**DATASET CONTENT**
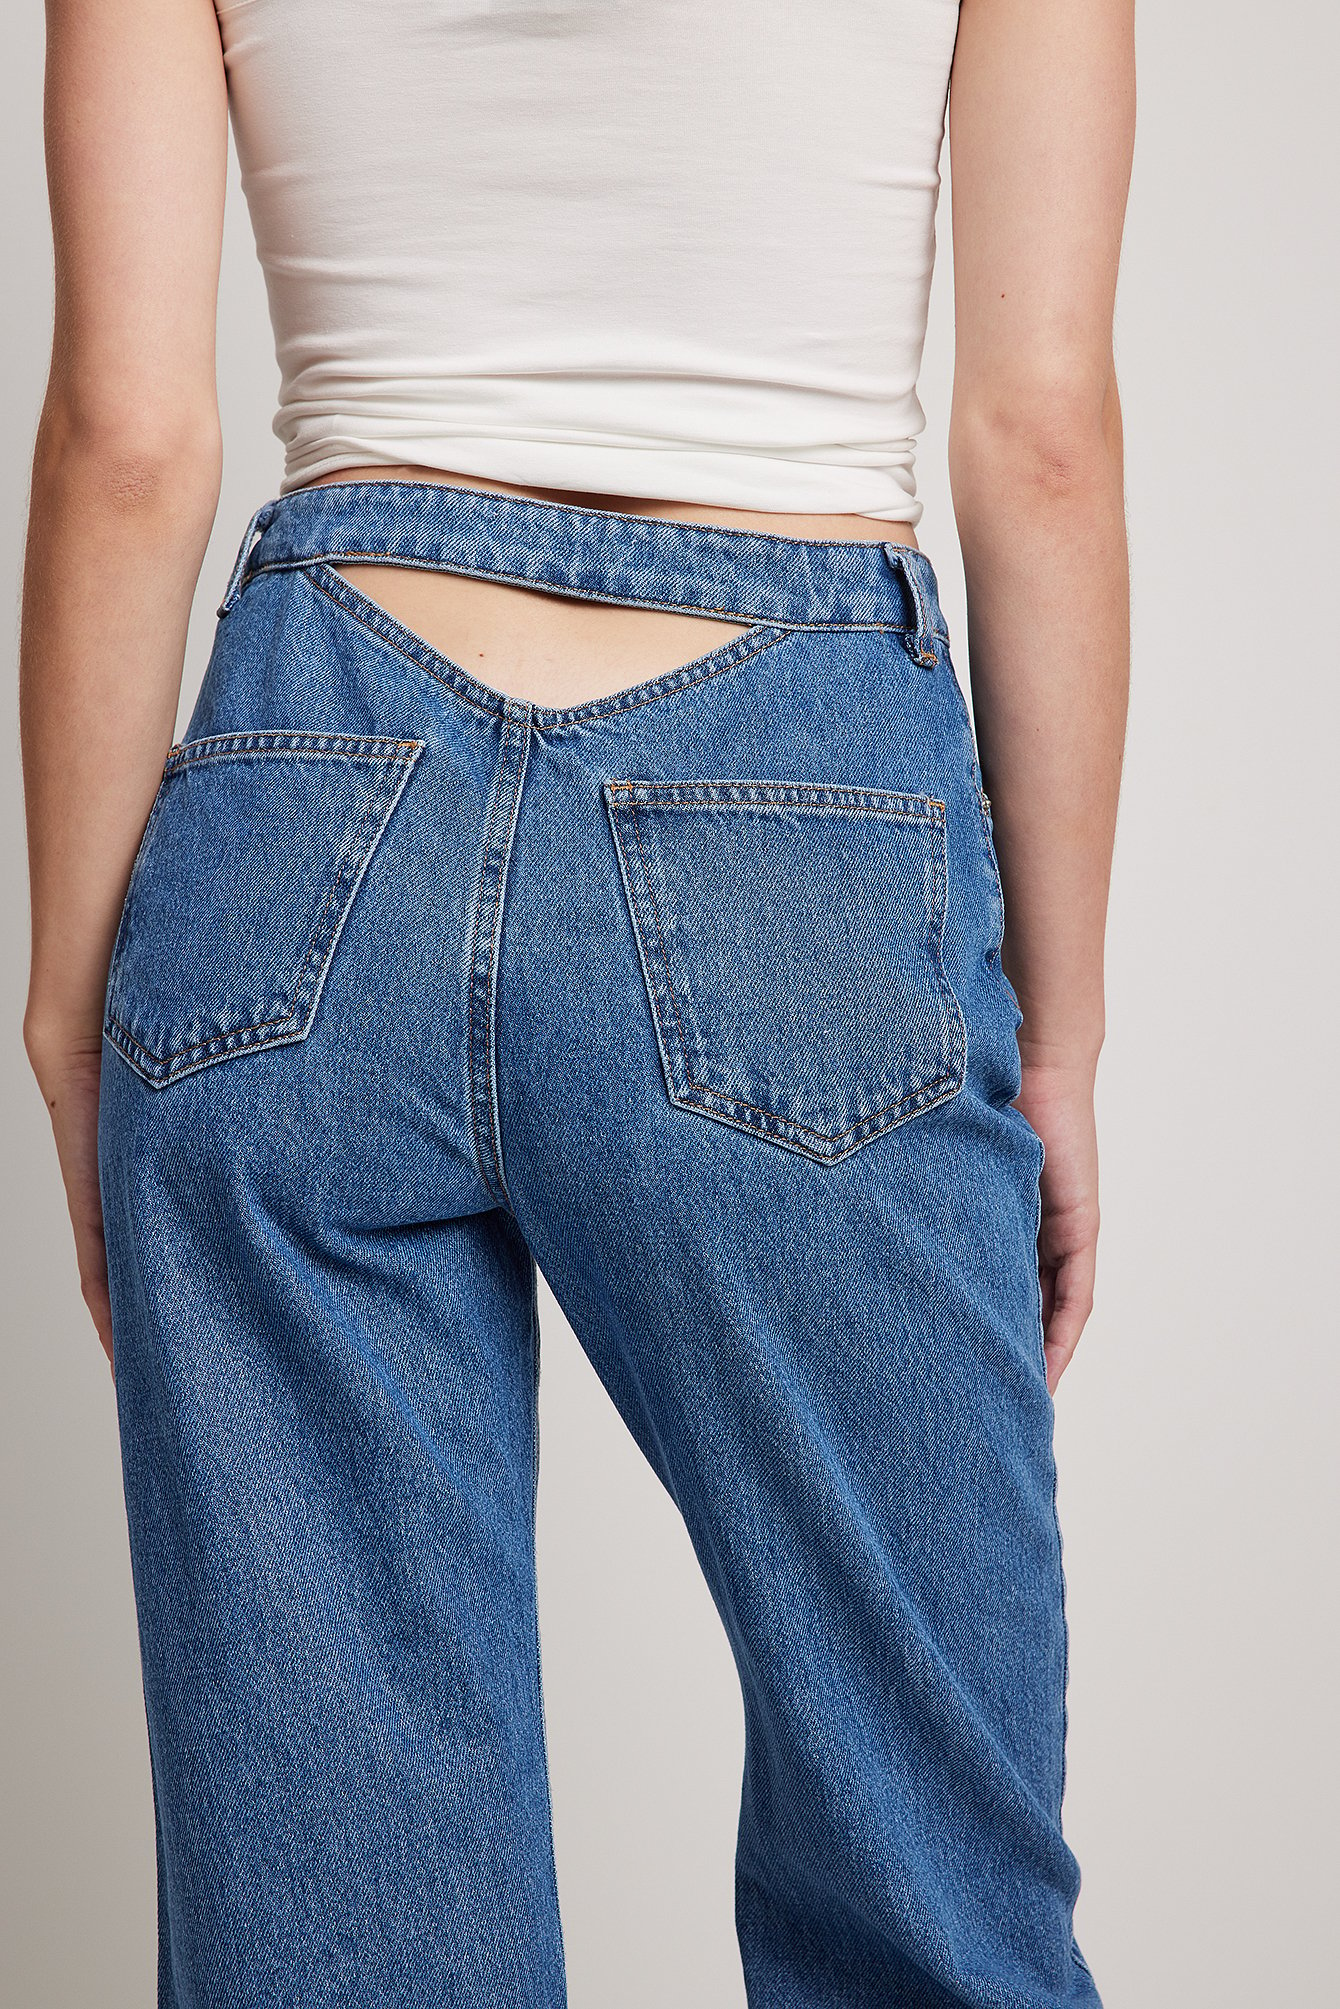 ANDWANG back cutout denim pants | skisharp.com
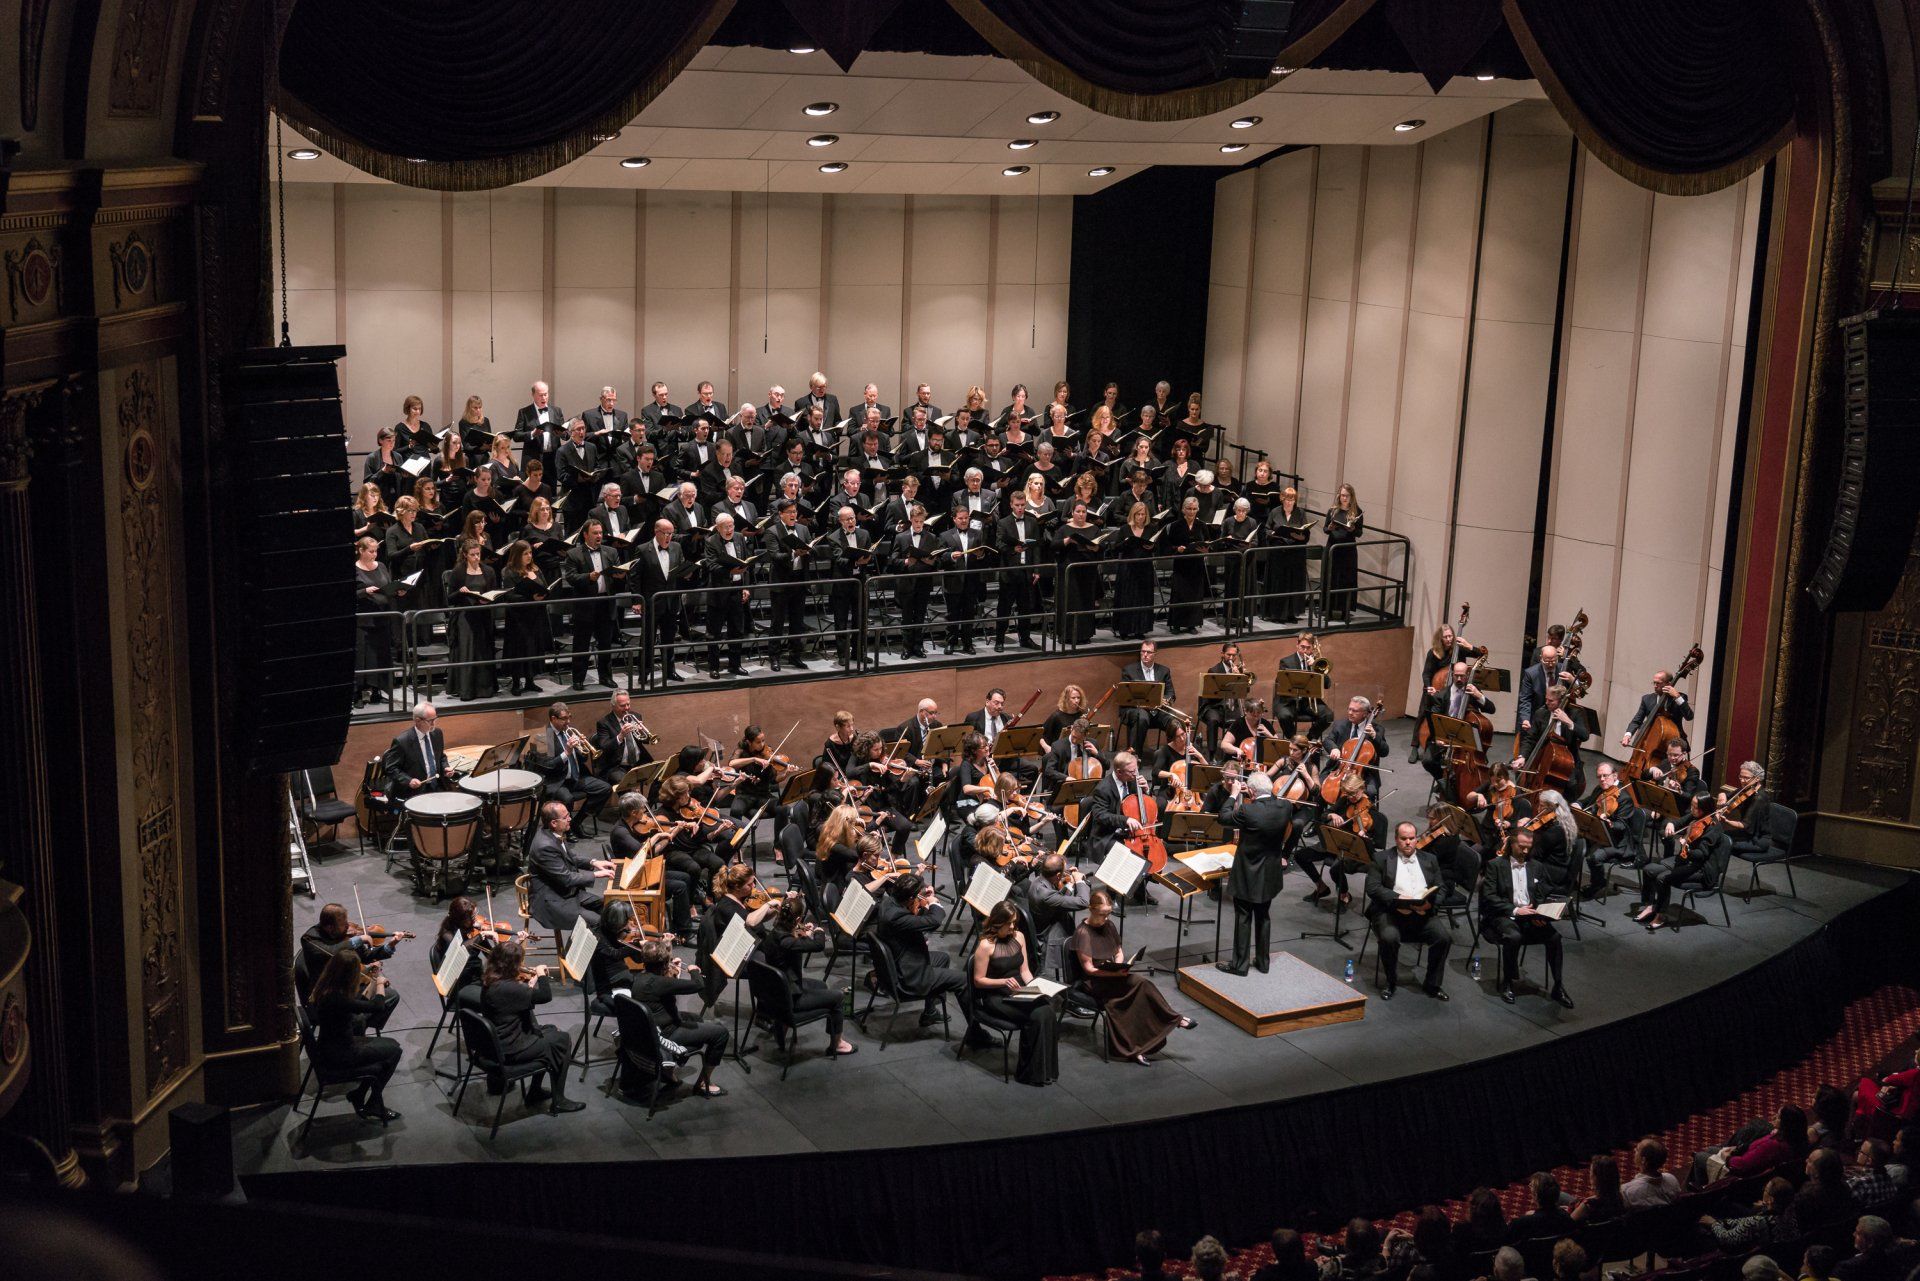 RI Philharmonic Music School’s Youth Symphonic Wind Ensemble joins the
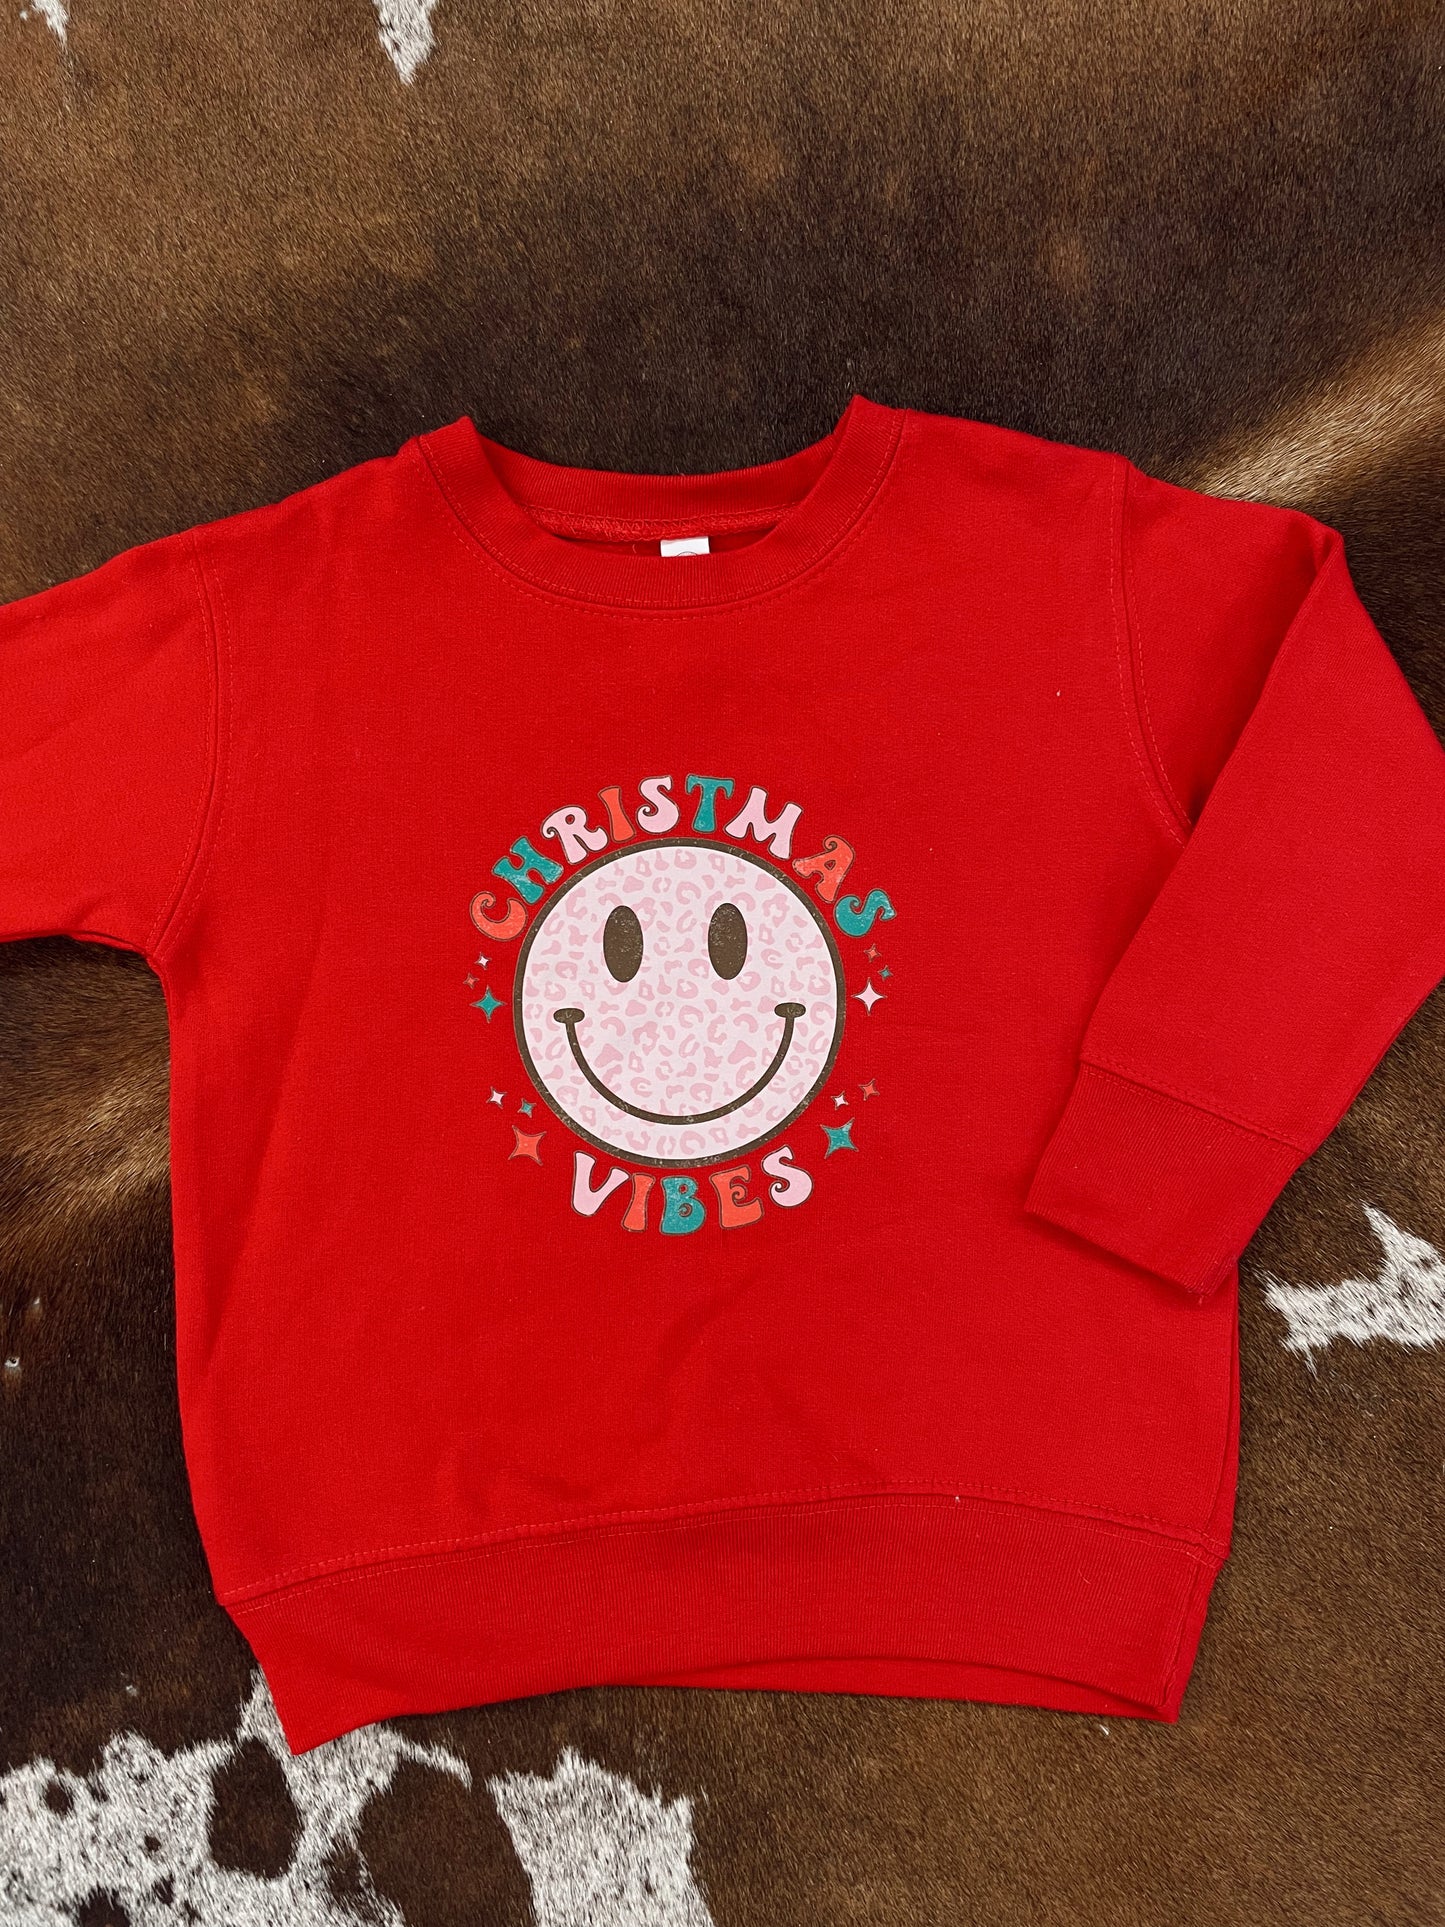 The Christmas Vibes Graphic Sweatshirt

**REQUIREMENT**
When you copy the data above, reproduce each line exactly and skip every image.

**SOLUTION**
 ANDWANG back cutout denim pants | skisharp.com
 RI Philharmonic Music School’s Youth Symphonic Wind Ensemble joins the
 The Christmas Vibes Graphic Sweatshirt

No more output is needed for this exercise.